In data analysis and machine learning, it is often necessary to bin the values of a variable as a preprocessing step. The binning that retains the largest amount of information about the original ranks of the data is the binning that results in the (discrete) uniform distribution, as the uniform distribution is the maximum entropy distribution for a variable on a finite domain.
For continuous variables, finding a mapping that results in evenly filled bins is trivial: simply partition the data points according to their ranks (terciles to result in three bins, quartiles to obtain 4 bins, etc).

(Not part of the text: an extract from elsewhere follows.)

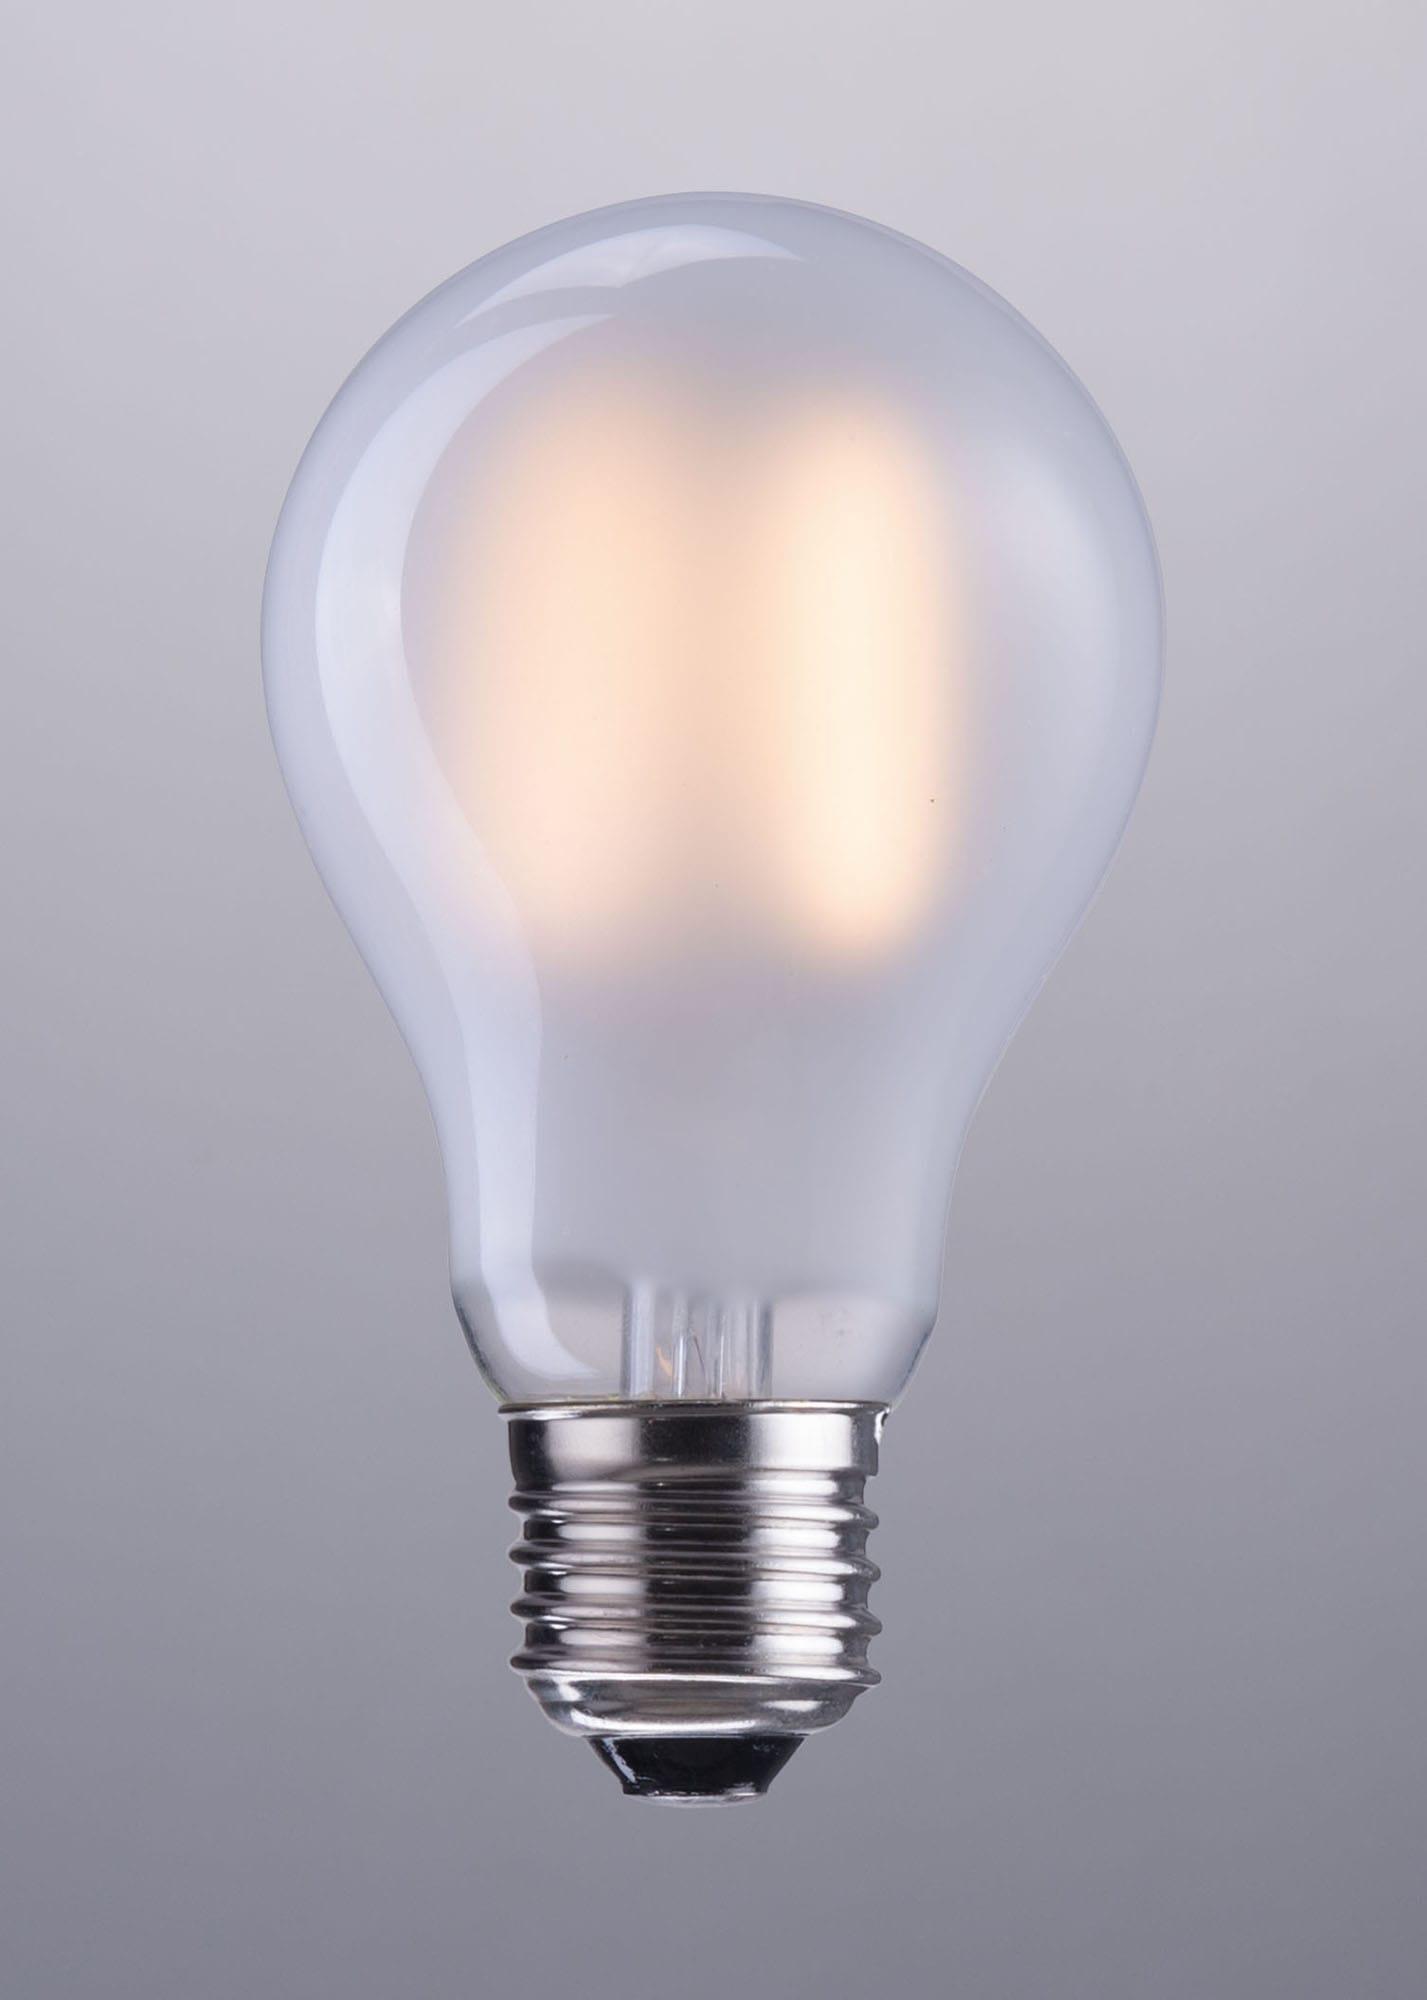 E26 A19 2w Led 100x60mm F White Light Bulb By Zuo Modern

For categorical variables, the problem of finding the grouping of categories that results in the most evenly filled bins reduces to the (multi-way) partition problem, which is known to be NP-hard. However, many approximate solutions exist (for examples, see Korf (2009)).
For discrete, ordinal data neither set of approaches is very desirable. Treating discrete, ordinal data as categorical may result in mappings, in which values that are far apart in the original space are grouped together in one bin. Conversely, ranking can result in many ties, and if one enforces a discrete uniform target distribution, data points with the same rank can end up in different bins, which is generally also undesirable.
Unfortunately, there appears to be no simple algorithm to place bin edges between uniquely valued data points that guarantees a distribution that is as close as possible to the desired discrete uniform distribution.
Some people employ a recursive heuristic, in which on each iteration they partition the data into the two most similarly sized partitions and then recurse on each partition. However, this approach only works for a number of bins that is a power of 2, and furthermore is not guaranteed to converge to the optimal solution -- for my original use case, the solutions were terrible, which sparked the creation of this module.
import numpy as np
import entropy_based_binning as ebb
A = np.random.randint(0, 5, size=(10, 100))
B = ebb.bin_array(A, nbins=3, axis=1)
b = ebb.bin_sequence(A[0], nbins=3)
If the data is discrete but not integer, map the data to integers first:
D = np.random.choice(np.linspace(0., 1., 11), size=(10, 100))
_, A = np.unique(D, return_inverse=True)
A = A.reshape(D.shape)
B = ebb.bin_array(A, nbins=3, axis=1)
pip install entropy-based-binning